We feature each fortnight Nicholas Reid's reviews and comments on new and recent books.    

“THINGS OKAY WITH YOU?” by Vincent O’Sullivan (Victoria University of Wellington Press, $NZ25); “THE MERMAID’S PURSE” by Fleur Adcock (Victoria University of Wellington Press, $NZ25); “LETTERS TO YOUNG PEOPLE” by Glenn Colquhoun (OldKing Press, $NZ35)

            I am going to avoid a cliché as I consider Vincent O’Sullivan’s latest collection of poetry Things OK with you? I am NOT going to say that this is an “old man’s poetry”. True, O’Sullivan is now in his 84th year, but unlike some other poets of his vintage, he does not focus on old age, infirmity and impending death to the exclusion of other things. The volume’s title comes from the last line of the last poem in the book – a defiant decision not to dwell on these things. Naturally, among the 75 poems presented here, there are a few that touch on old age, such as “How to shame a family properly…” and “End Game”, which presents an almost cosy image of a contented old woman, undercut with wry wit. When O’Sullivan deals with graves and worms and epitaphs, he does so with detached irony, as in “Poem with five plots” about imagined visits to the tombs of Proust, William Faulkner, Yeats and Harry Lime.

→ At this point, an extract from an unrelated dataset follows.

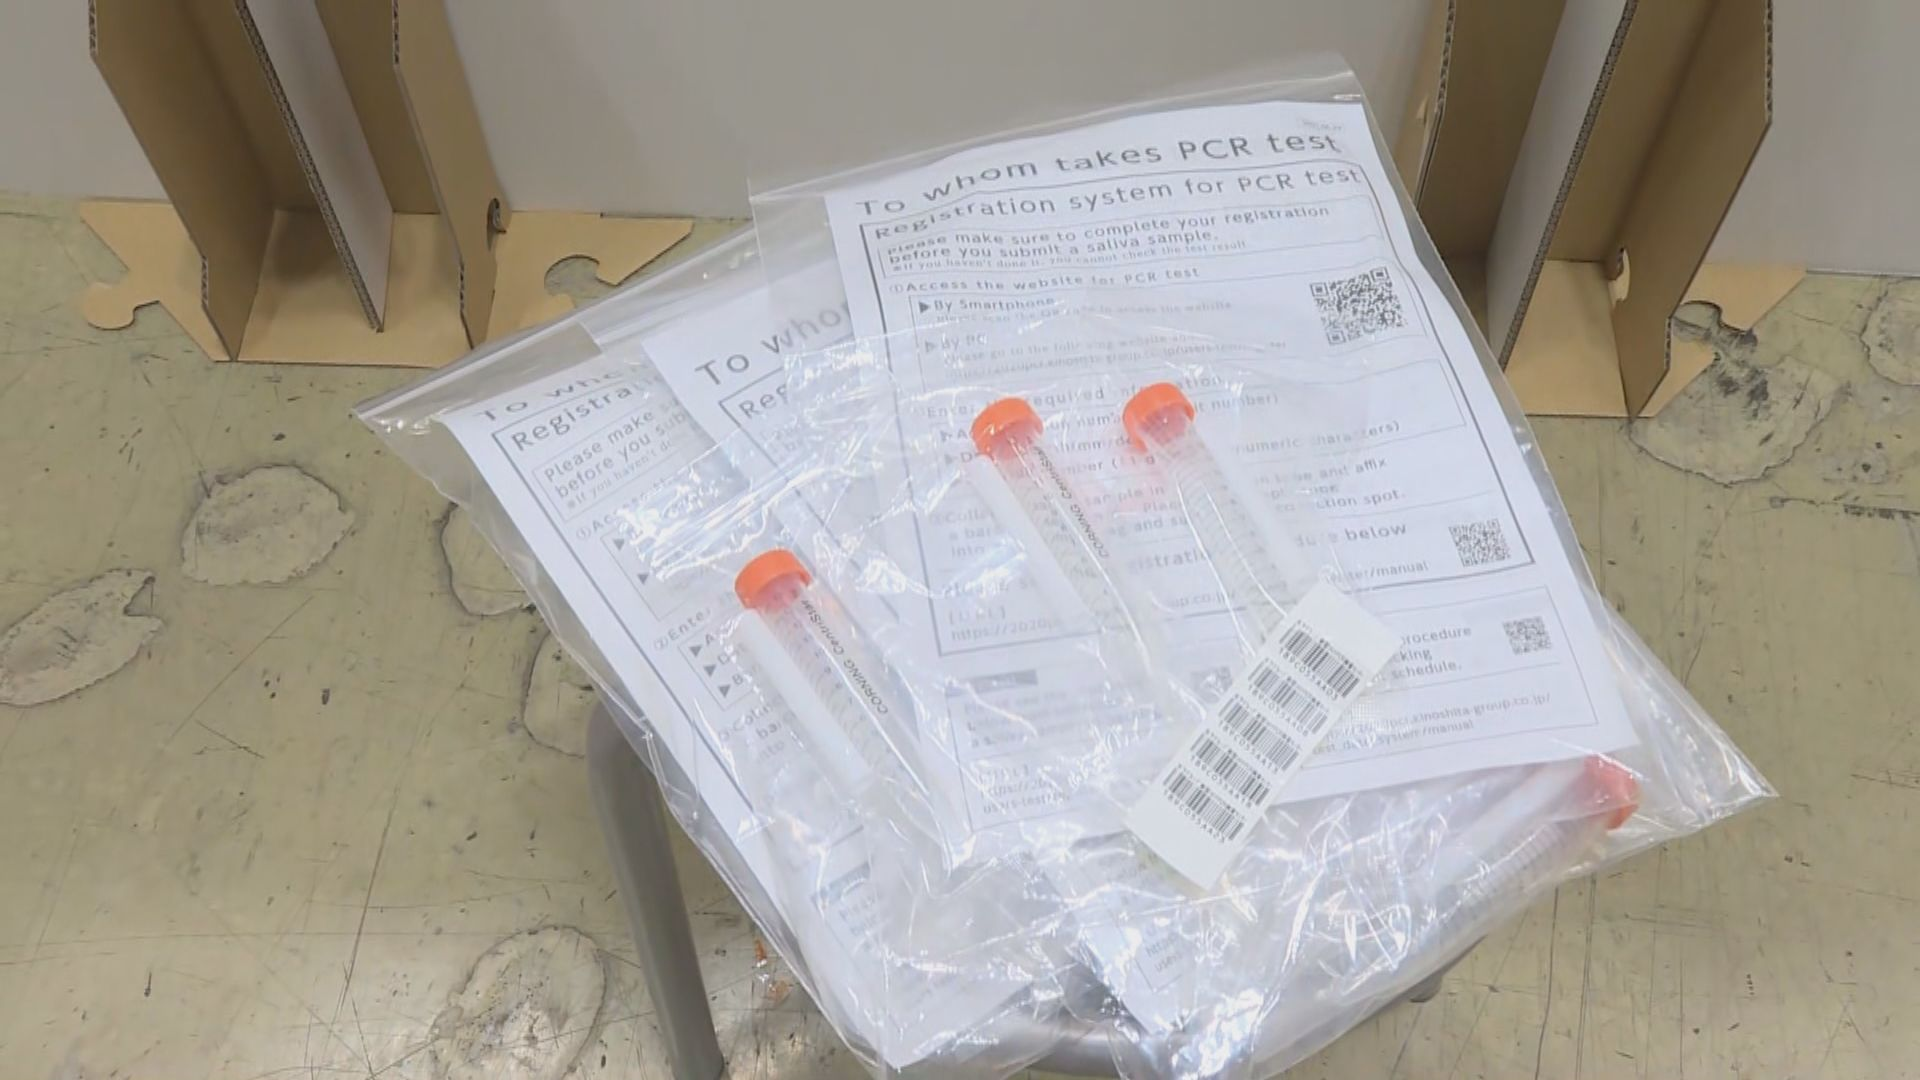 【東奧直擊】新聞中心採用全自助方式檢測病毒

            In Things OK with you? O’Sullivan is still exploring new concepts. This is his first collection since Being Here (in 2015) and And So It Is (2016) [both reviewed on this blog] and he has clearly thought through a number of philosophical ideas which he has not approached so insistently in earlier works.

            Satire there is. The opening poem “After Lucy Tinakori’s famous party” takes a slap at what might be called “coddle culture” where every kiddie at a party is given a prize regardless of merit or lack of it. “Southern pastoral” scorns the pretentious rich, who imagine they are living the simple country life when they move into mansions some way out of town. And “Lines from way back” must surely be about the unnamed Donald Trump when “Pussy and circuses stake out their claim” and “Maggots exult that nature bred them white”. As satire, “Well so I’ve heard” and “Late Night News” could easily be taken the wrong way by those who read things literally… though the latter could be an admission of fierce forbidden feelings.

            O’Sullivan also has some literary amusement commenting on the illustrious. “Late note to Iris Murdoch” suggests elegantly that philosophy is only one mode of thinking and it is devised in the context of other events and contingencies. “For the Time, Being” deals with paradoxes in the life of the philosopher Martin Heidegger (incidentally, this is the only poem in Things OK with you? which is accompanied by an explanatory note – O’Sullivan usually assumes that his readership will understand his allusions without explanations). “Ms Dickinson, Mr Whitman” deals with fastidious Emily and booming Walt in terms of the convergence of two such different people.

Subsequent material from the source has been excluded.